Do estrangulador ao cinzeiro: funcionalidades clássicas dos carros deixam jovens completamente confusos

Plataforma de venda automóvel online inquiriu 2.000 jovens sobre elementos ‘retro’ que eram comuns nos veículos do passado recente

Automonitor
Fevereiro 21, 2026
15:00

Desde consolas com ecrã tátil até maçanetas ocultas e sistemas totalmente digitais, os automóveis modernos estão cada vez mais dominados por tecnologia. Mas um novo estudo da Cazoo revela que muitas das funcionalidades clássicas dos carros de há apenas uma geração estão hoje a deixar a Geração Z (nascidos entre 1997 e 2012) completamente perplexa, escreve o ‘Daily Mail’.

A plataforma de venda automóvel online inquiriu 2.000 jovens sobre elementos ‘retro’ que eram comuns nos veículos do passado recente. Os resultados mostram que a maioria tem dificuldade em identificar características que, há duas ou três décadas, faziam parte do quotidiano de qualquer condutor.



O exemplo mais flagrante é o estrangulador — dispositivo utilizado em motores carburados para facilitar o arranque a frio — reconhecido por apenas 8% dos inquiridos. Logo a seguir surge a barra em T (ou T-top), um tipo de teto com dois painéis removíveis separados por uma estrutura central rígida, que 90% não conseguiram identificar.

Outras funcionalidades também ficaram pelo caminho da memória coletiva: apenas 28% reconheceram uma antena manual, 35% identificaram um cinzeiro e 41% souberam dizer o que era um isqueiro automóvel. Durante décadas, os isqueiros foram equipamento de série na maioria dos carros, mas começaram a desaparecer no final dos anos 1990 com a queda das taxas de tabagismo e maior consciencialização para a saúde. Na década de 2010, a maioria dos modelos novos já os tinha substituído por tomadas de 12V ou portas USB.

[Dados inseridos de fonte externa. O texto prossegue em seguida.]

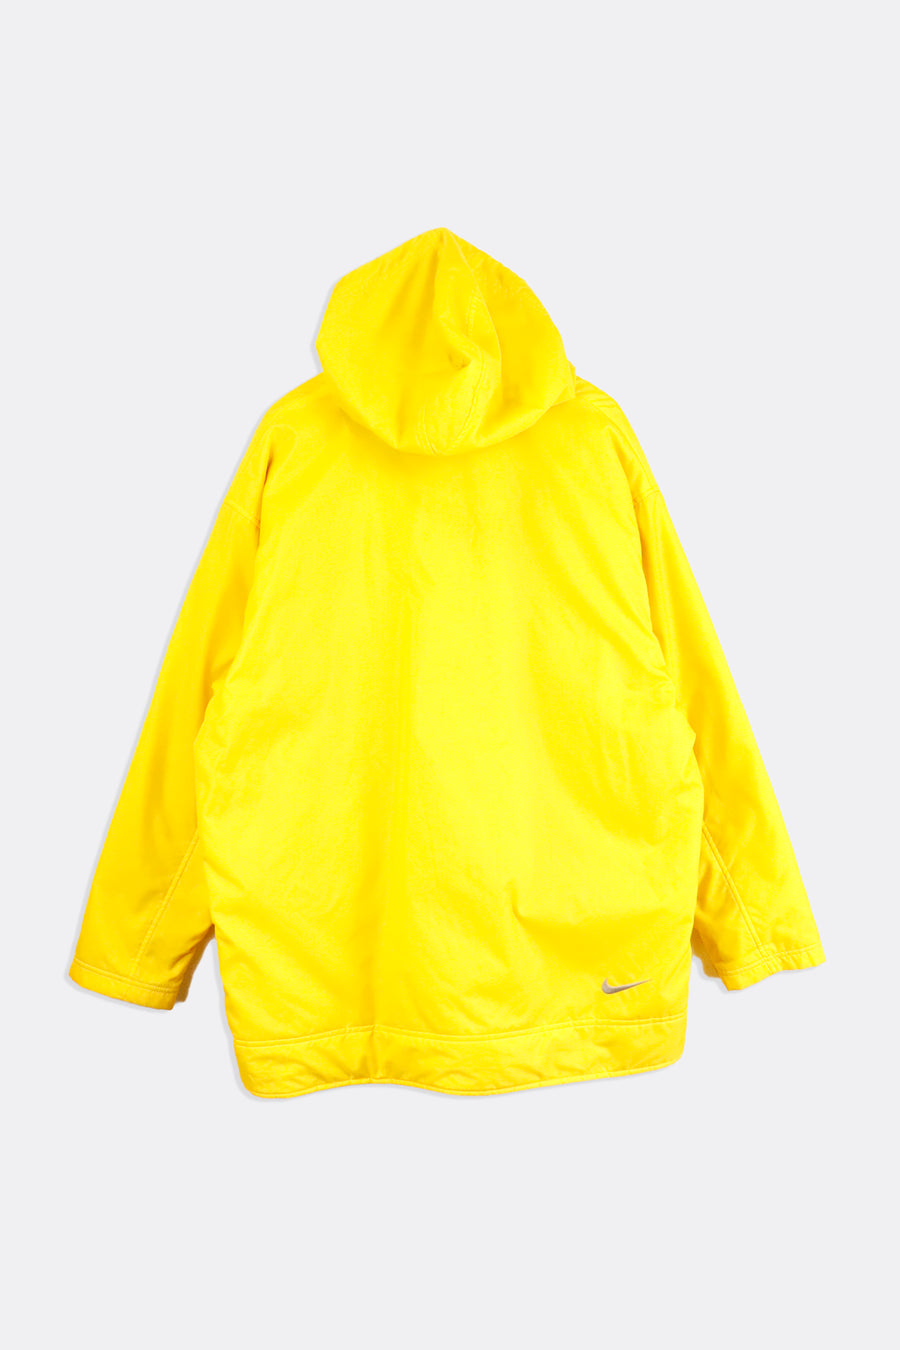 Vintage Nike Thick Rain Jacket With Fleece Lining Full Zip Outerwear Sz 2XL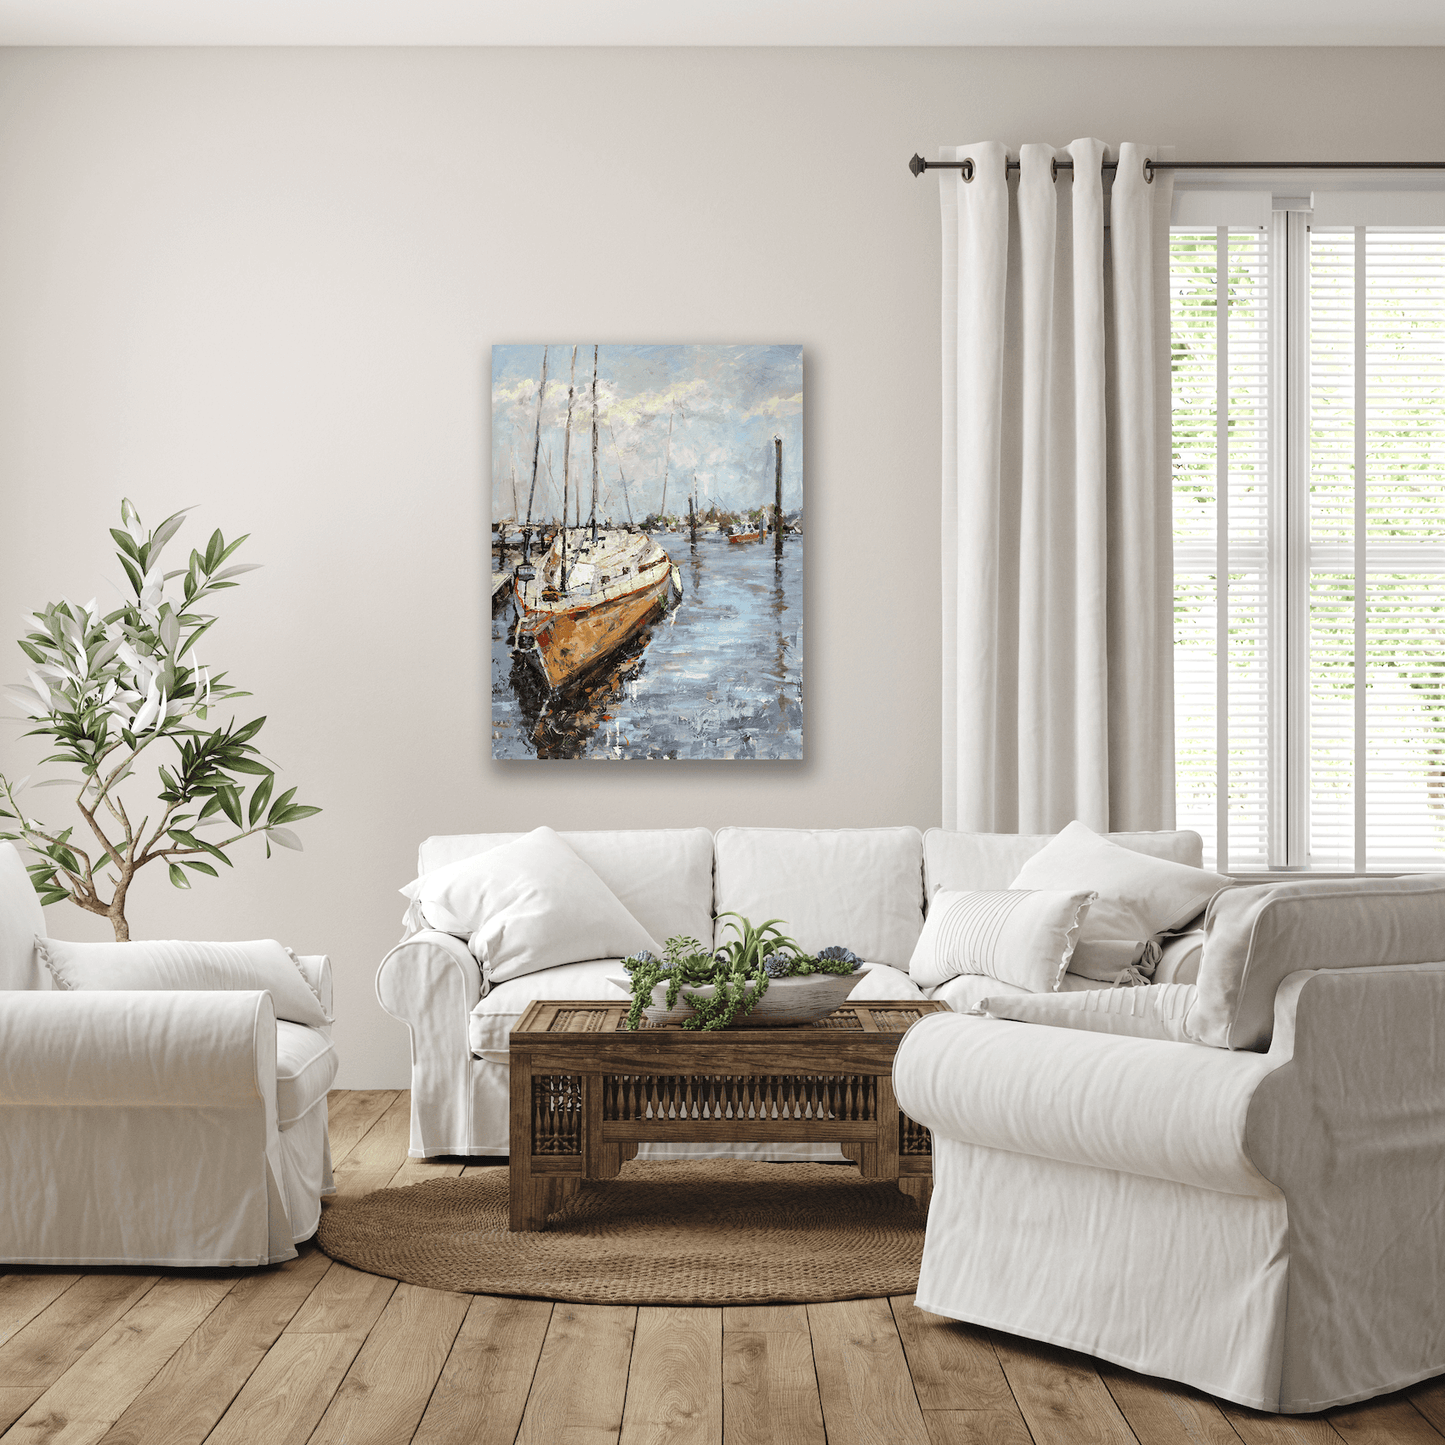 Let Go and Sail Artist Enhanced Canvas Print

Segundo o ‘Daily Mail’, a lista de elementos que a Geração Z já não reconhece inclui ainda faróis escamoteáveis, leitores de cassetes, manivelas para abrir os vidros, ignição por chave tradicional e até o travão de mão mecânico. De forma surpreendente, 27% dos jovens não conseguiram identificar um travão de mão convencional.

A mudança ajuda a explicar este desconhecimento. Uma análise recente indica que mais de nove em cada dez carros novos já vêm equipados com travões de estacionamento eletrónicos, substituindo a tradicional alavanca manual. No entanto, estes sistemas eletrónicos podem ser mais caros de reparar — mais de três vezes o custo de um travão de mão convencional — e há quem os considere menos intuitivos.

Charlie Harvey, especialista automóvel da Cazoo, sublinha que o design automóvel evoluiu drasticamente nas últimas duas décadas e que o desaparecimento de certas funcionalidades foi rápido. Algumas, como o estrangulador, fazem sentido ficar no passado devido à evolução dos motores com injeção de combustível. Outras, porém, continuam a gerar nostalgia, como os botões físicos táteis ou os icónicos faróis escamoteáveis.

Aliás, o estudo revela que uma parte da Geração Z gostaria de ver regressar algumas dessas características. Um terço dos inquiridos prefere botões físicos a ecrãs táteis, enquanto 24% afirmam que gostariam que leitores de CD e até de cassetes voltassem aos automóveis modernos.

O debate surge numa altura em que especialistas em segurança rodoviária defendem um regresso ao essencial. Funcionalidades como maçanetas retráteis — recentemente proibidas pelas autoridades chinesas devido ao risco de prender ocupantes após colisões — e sistemas de entretenimento integrados com videojogos têm levantado preocupações.

Painéis totalmente digitais e sistemas de infotainment também estão sob escrutínio. Ao contrário de botões físicos, os ecrãs obrigam o condutor a desviar o olhar da estrada. O professor Milad Haghani, especialista em segurança rodoviária da Universidade de Melbourne, alerta que estes sistemas exigem atenção visual prolongada, muitas vezes acima dos limites considerados seguros. “Essa longa duração do olhar pode ser fatal”, advertiu.

Entre nostalgia e inovação, o estudo mostra como a evolução tecnológica no setor automóvel foi suficientemente rápida para transformar elementos comuns em verdadeiros enigmas geracionais.